Directors’ Fortnight has unveiled the selection for its 57th edition running May 14-24 that is hefty on first-time filmmakers and established aut
Directors’ Fortnight has unveiled the selection for its 57th edition running May 14-24 that is hefty on first-time filmmakers and established auteurs including Robin Campillo, Lee Sang-il and Christian Petzold.
Artistic director Julien Rejl revealed the lineup at a press conference in Paris on Tuesday (April 15) for the Cannes parallel section run by French directors guild the SRF.
Scroll down for the full selection
The sidebar will open with Enzo, co-directed by the behind schedule Laurent Cantet and Robin Campillo.
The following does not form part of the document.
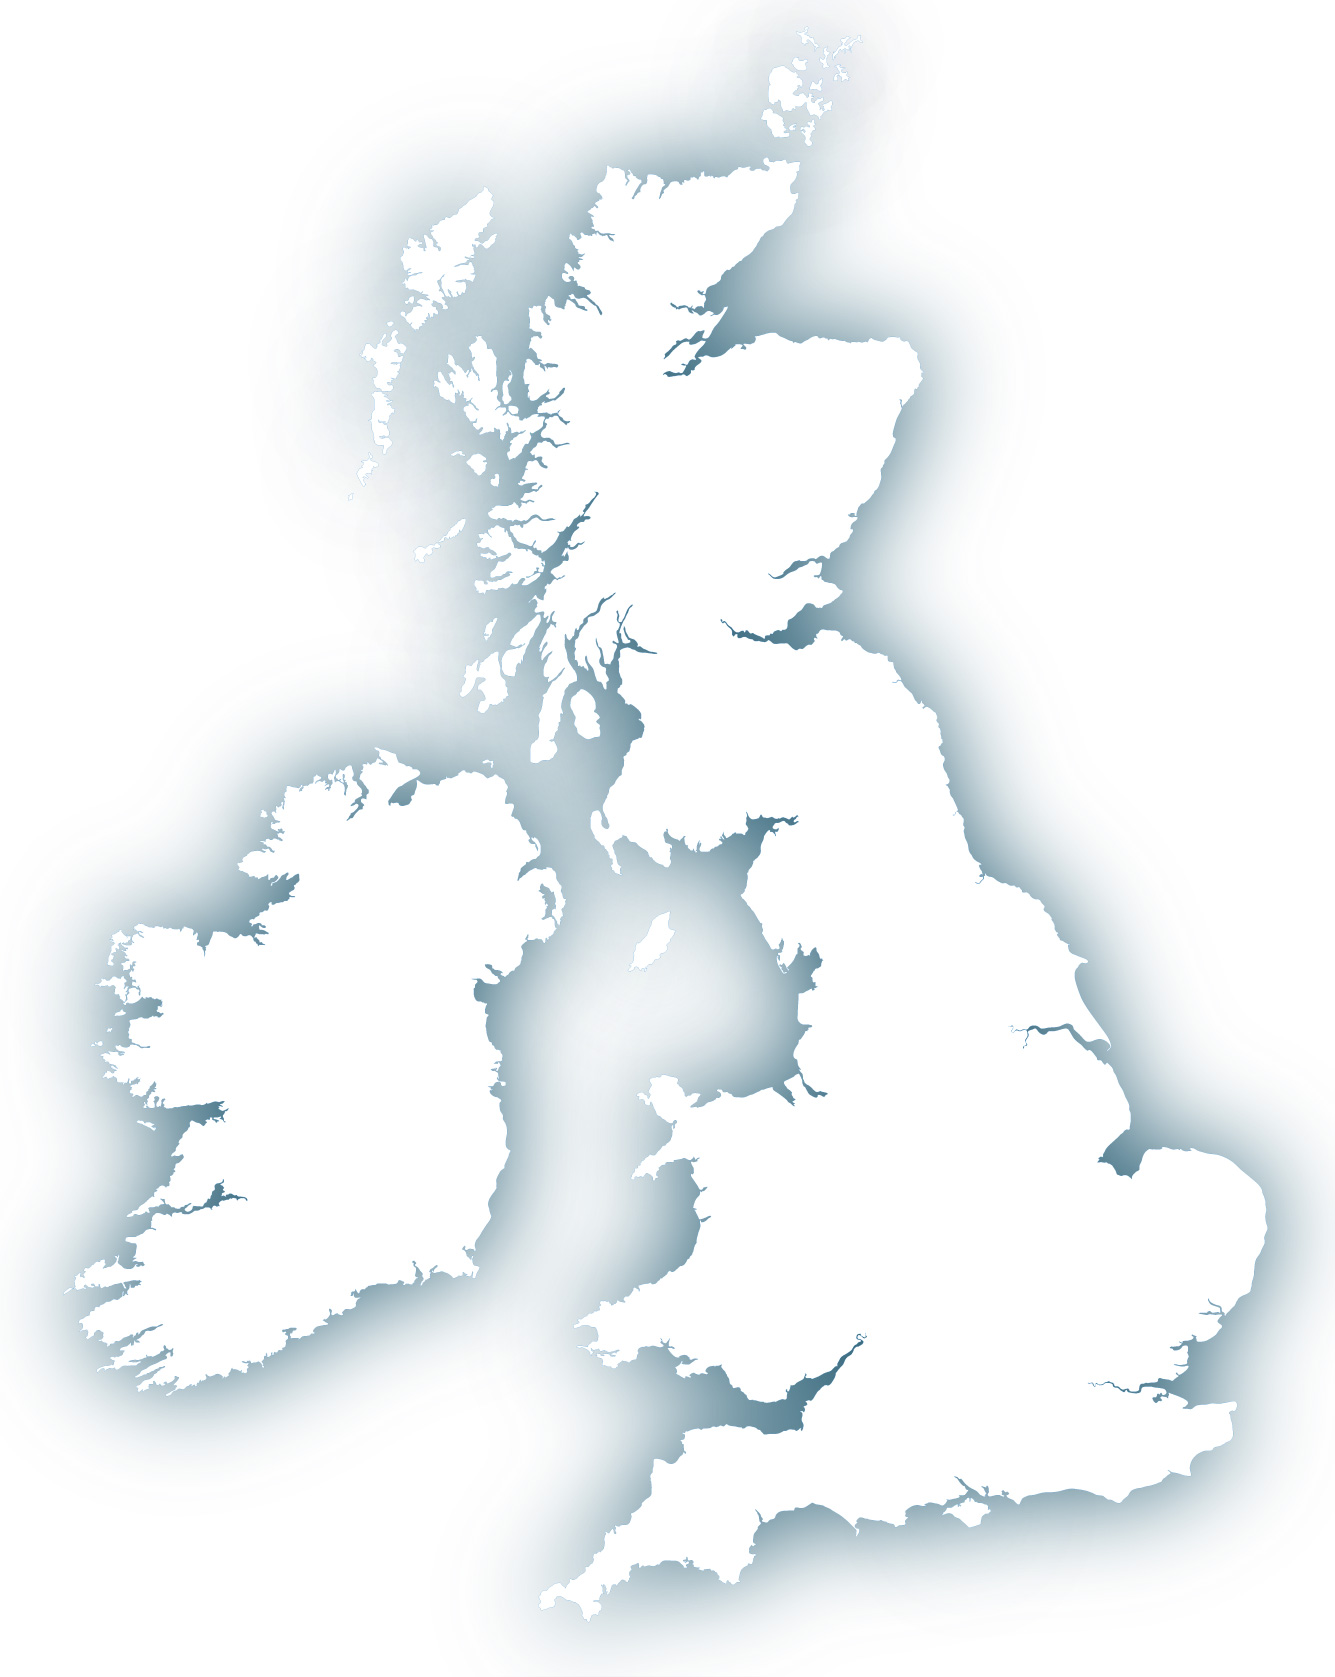 clipart map of uk and ireland - photo #29

After Cantet died last year, his longtime friend and collaborator Campillo stepped in to direct the film shot in and set in La Ciotat in the south of France. It follows a 16-year-old boy who defies his bougeois family’s expectations by starting a masonry apprenticeship where he meets a charismatic Ukrainian colleague who shakes up his world. Newcomers Eloy Pohu and Maksym Slivinskyi star opposite Elodie Bouchez and Pierfrancesco Favino. mk2 handles international sales.
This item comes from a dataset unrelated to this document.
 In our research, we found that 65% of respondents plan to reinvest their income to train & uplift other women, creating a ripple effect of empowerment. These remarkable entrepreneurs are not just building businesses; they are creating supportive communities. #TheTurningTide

Rejl tells Screen the film was selected purely on its own merit: “It is quite simply the most beautiful French film we’ve seen this year and Robin Campillo is among the greatest contemporary directors alive today.”
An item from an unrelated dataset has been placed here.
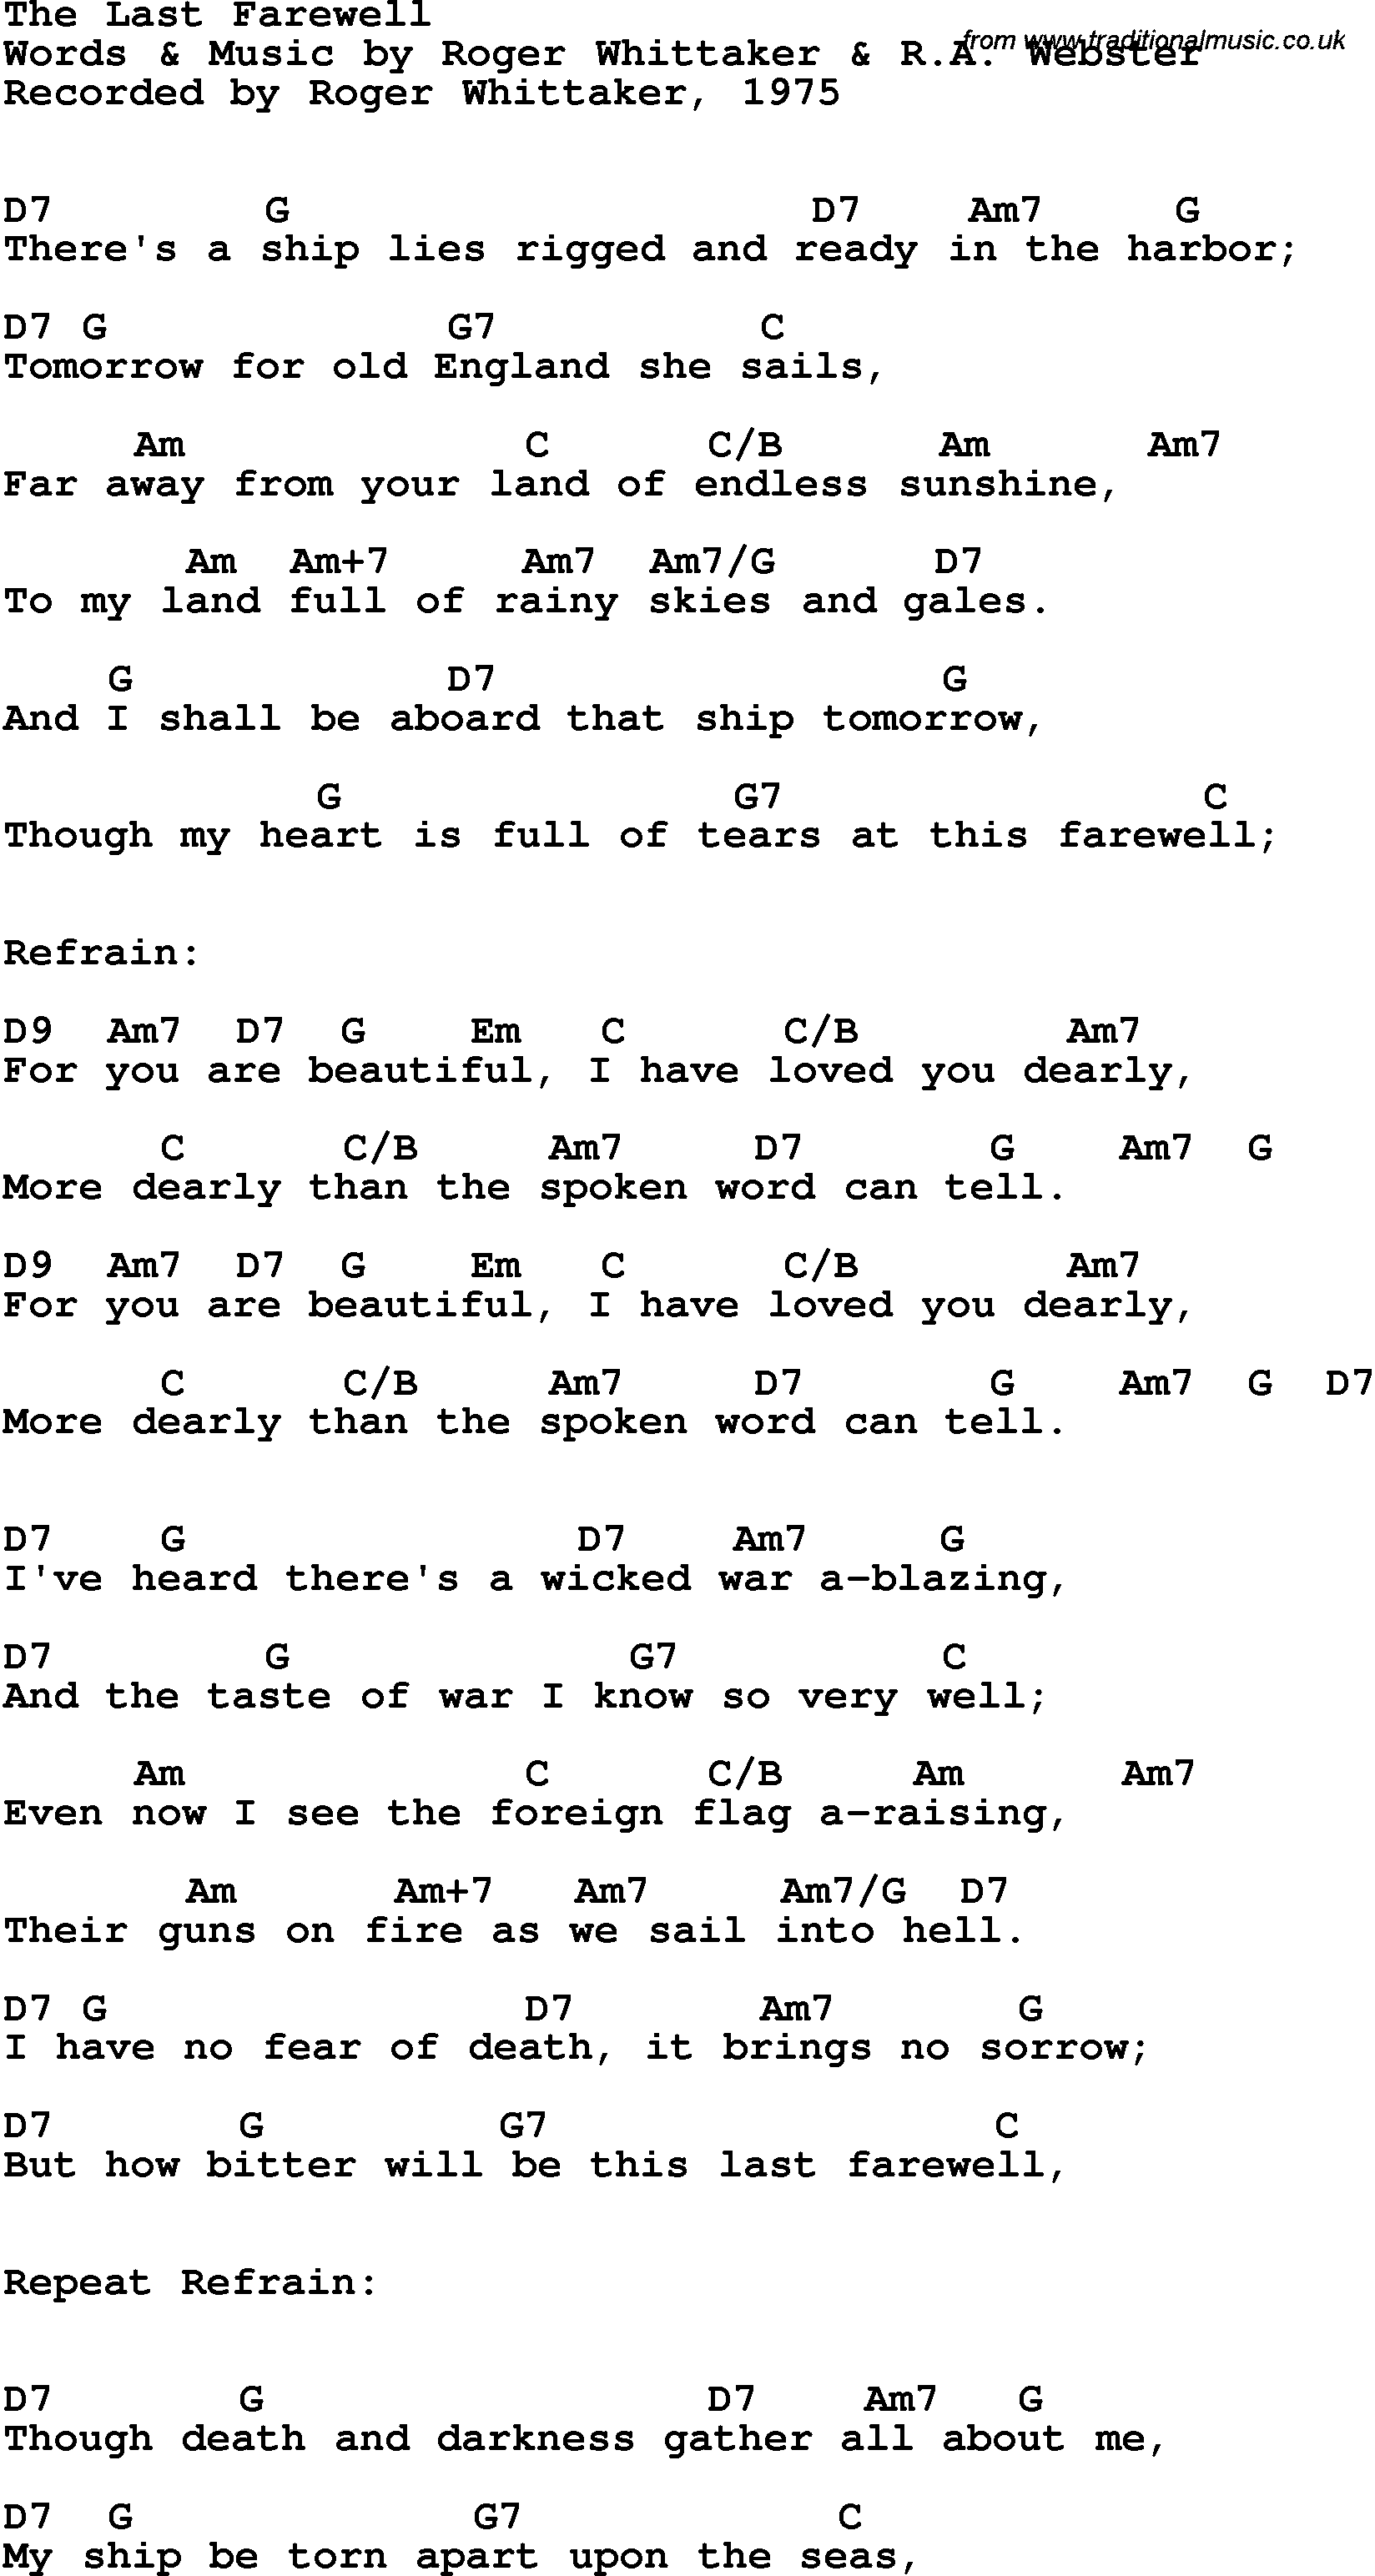 Song Lyrics with guitar chords for Last Farewell, The - Roger Whitaker, 1975

The closing night film is Eva Victor’s debut feature Sorry Baby about a woman dealing with trauma that premiered in Sundance and has already been sold to A24. US actor-writer-director Victor stars alongside Naomi Ackie, Lucas Hedges, John Carroll Lynch, Louis Cancelmi, and Kelly McCormack. Charades and UTA Independent Film Group handle sales.
First-timers meet established auteurs
Among the 18 feature films in selection, eight are first features and all are world premieres other than Sorry, Baby, which debuted at Sundance.
“First features were very impressive and we were thrilled to receive so many films from female directors that were daring and surprising,” Rejl says.
French debuts include Prïncia Car’s The Girls We Want about juvenile adults working at a summer camp in Marseille and Louise Hémon’s The Girl In The Snow. Belgium’s Valery Carnoy brings The Foxes Round set in a sports-focused boarding school that explores the pressures around masculinity among juvenile boys and stars Samuel Kircher.
Asian cinema is also represented with two first features – Yuiga Danzuka’s family-focused Brand New Landscape and Jinghao Zhou’s Chinese thriller Girl On Edge, that Rejl says “echoes Aronofsky’s Black Swan set in the world of figure skating.”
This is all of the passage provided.